You can just about feel the vibrations down here… twisted rocks, bush, sand, lakes, waves relentless backwashes, this fertile coast is such a wondrous place. Thinking about the difference between beaches on the north coast of NSW as opposed those on the far south or Sapphire Coast, big broad empty expanses will greet you on the north cost whereas on the Sapphire Coast whilst some beaches stretch for half an eternity, they are also, more often than not, ringed by massive rock outcrops as headlands, and features. But thinking back about the workshop everyone was producing individual works that, other than geography,” had no relation to one another.” We on the other hand did.

Metcalf’s focus on trees, lake and ocean, Edward-Cole focused on beach and immediate foreshore landscape, Skinner’s focus on the wetness of dry land. None shows beaches or coast lines as full ranging views or of happy beach goers. No room here, for frolicking in the sand and barbecue lunches. Rather, they all focus in reinterpreting the landscape/seascape in a much more abstract way and whilst that would appear to render them possible to be anywhere in the country or even overseas, nothing is more compelling than the obvious south coast ancient well-worn feel, that denies that ambiguity. Three artists who produced widely differing views, whilst at the same time similar works, linked by a basis of an individual view of abstraction in a landscape.

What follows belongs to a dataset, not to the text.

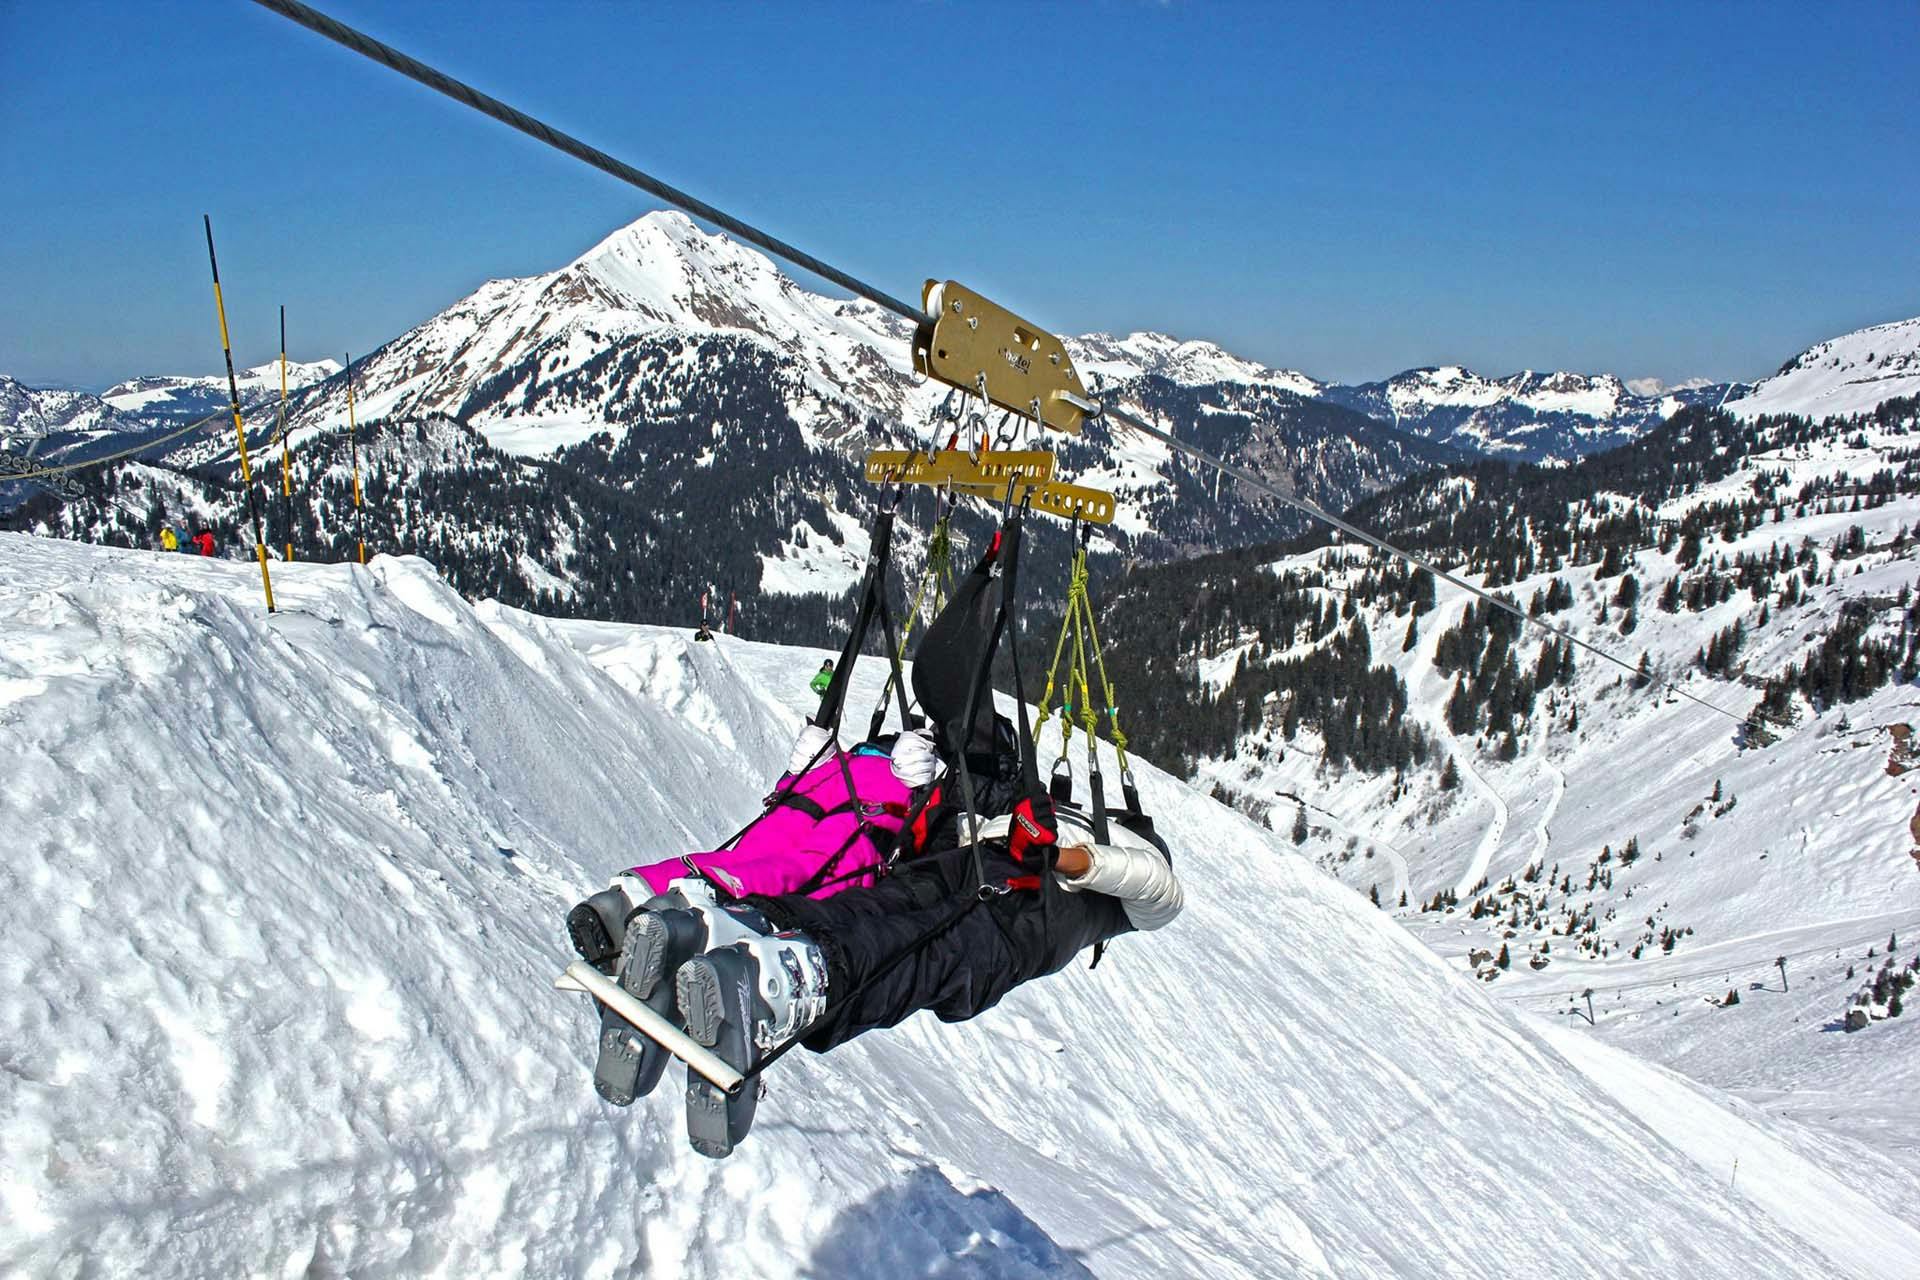 Couple enjoying zipline activity in winter ski resort Chatel

There is an argument too, around new people examining a well visited landscape where the “novelty index” is high however when one views the work of these three artists, it becomes, apparent that they, whilst being aware of the novelty index, it is nowhere to be seen in their works, which by their vision become stand-alone workers in a crowd, especially given that the works were being produced during a workshop with a group of photographers, who tended to concentrate of getting the ultra-realistic images of the “big“ things that they visited during the workshop. Almost literally, cloning themselves. .

The viewers, will see their coast as they have never seen it before, proving a powerful educational experience.